Nazan Bekiroğlu (born 3 May 1957) is a Turkish novelist and academic.

== Biography ==
She was born on May 3, 1957, in Trabzon. She was the youngest of three children born to a family with an interest in literature. Her father was the owner of a local newspaper called "Target" and was interested in Ottoman history as well as literature. Her father died when she was 14 years old. Her father became the hero of the story "Inside a Pain". After completing her primary and secondary education in Trabzon, she went to Erzurum and graduated from Atatürk University, Faculty of Literature, Department of Turkish Language and Literature (1979). During her student years, she was in pursuit of folk literature and Central Asian aesthetics. She reflected this to some extent in her early stories. (Miss Air is Dead). She received encouragement and support from her teacher Orhan Okay in the development of both her artistic and academic personality. After working as a high school teacher for four years, she entered Karadeniz Technical University Fatih Education Faculty Turkish Language and Literature Education Department as a lecturer (1985). She completed her doctorate on Technical Analysis of Halide Edib Adıvar's Novels, which she continued under the direction of Orhan Okay, in 1987. She started working as a lecturer in the same department. She became an associate professor with her work on the poet Nigar Hanım (1995). She published her first book, Nun Tales, in 1997. Nazan Bekiroğlu, who has been working as a faculty member in the Turkish education department at Karadeniz Technical University since 1998, became a professor on May 4, 2001. Numerous scientific articles, essays and stories have been published in various journals. She is the mother of two children.

She has been publishing stories, essays, novels and reviews since 1997. In 2006, she received the Turkish Writers Union's story award with her story Cam Irmağı, Taş Gemi.

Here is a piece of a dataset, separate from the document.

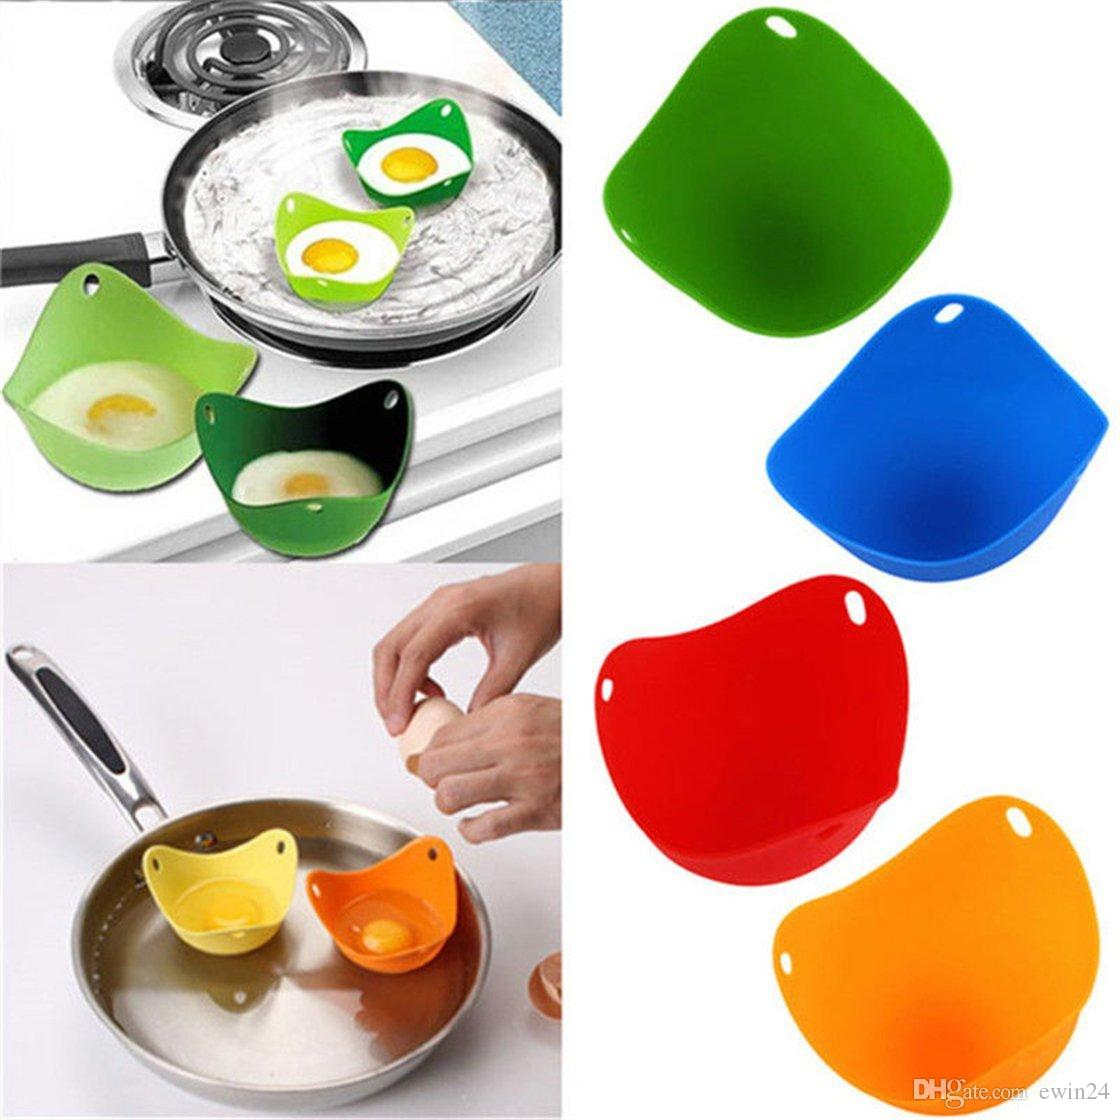 4X кухня силиконовые яйцо браконьер чашки с кольцом Стендеры плесень чаша форма блин кухня кулинария инструменты

== Life story in her own words ==

She has always lived in this city except for four years in university. Cloud. Sea. Rain.

She studied Turkish Language and Literature in Erzurum. Snow. Wind. Lowland.

Ph.D. with Halide Edip,

Assistant professor with Nigar Hanım.

More recently, professor in KTÜ, Fatih School of Education. At the seaside.

Mother of two daughters.

This is her current life.

== Published books ==
- Nun Masalları (Stories of Nun ) (Story, Dergâh, 1997; Nun Edition, 2007)
- Şair Nigar Hanım (Ms. Nigar the Poet) (Examination, İletişim, 1998)
- Halide Edib Adıvar (Ph.D. thesis, Şule, 1999)
- Mor Mürekkep (Purple Ink) (Essay, İyiadam, 1999)
- Yusuf İle Züleyha / Kalbin Üzerine Titreyen Hüzün (Yusuf and Zulaikha / Aflutter Gloom on the Heart) (Orientel Mesnevî, Timaş, 2000)
- Mavi Lâle, Yitik Lâle (Blue Tulip, Lost Tulip) (Essay, İyiadam Publication, 2001)
- İsimle Ateş Arasında (Between Name and Fire) (Novel, Timaş, 2002)
- Cümle Kapısı (Sentence Door)(Essay, Timaş, 2004)(TYB Essay Award 2003)
- Cam Irmağı Taş Gemi (Glass River, Lapidary Ship) (Story, Timaş, 2006) (TYB Story Award 2006)
- Lâ: Sonsuzluk Hecesi (Lâ: Syllable of Infinity) (Novel-Mesnevî, 2008)
- Yol Hali (The Status of Road) (Novel, Timaş, 2010)
- Nar Ağacı (Pomegranate Tree) (Novel, Timaş, 2012)
- Mimoza Sürgünü(Exile of Mimosa) (Essay, Timaş, 2013)
- Kelime Defteri (The Notebook of Words) (Essay, Timaş, 2014)
- Mücellâ (Novel, Timaş, 2015)
- Karınca İzleri - Hikmet Aksoy Kitabı (The Marks of Ants - A book of Hikmet Aksoy) (Timaş, 2015)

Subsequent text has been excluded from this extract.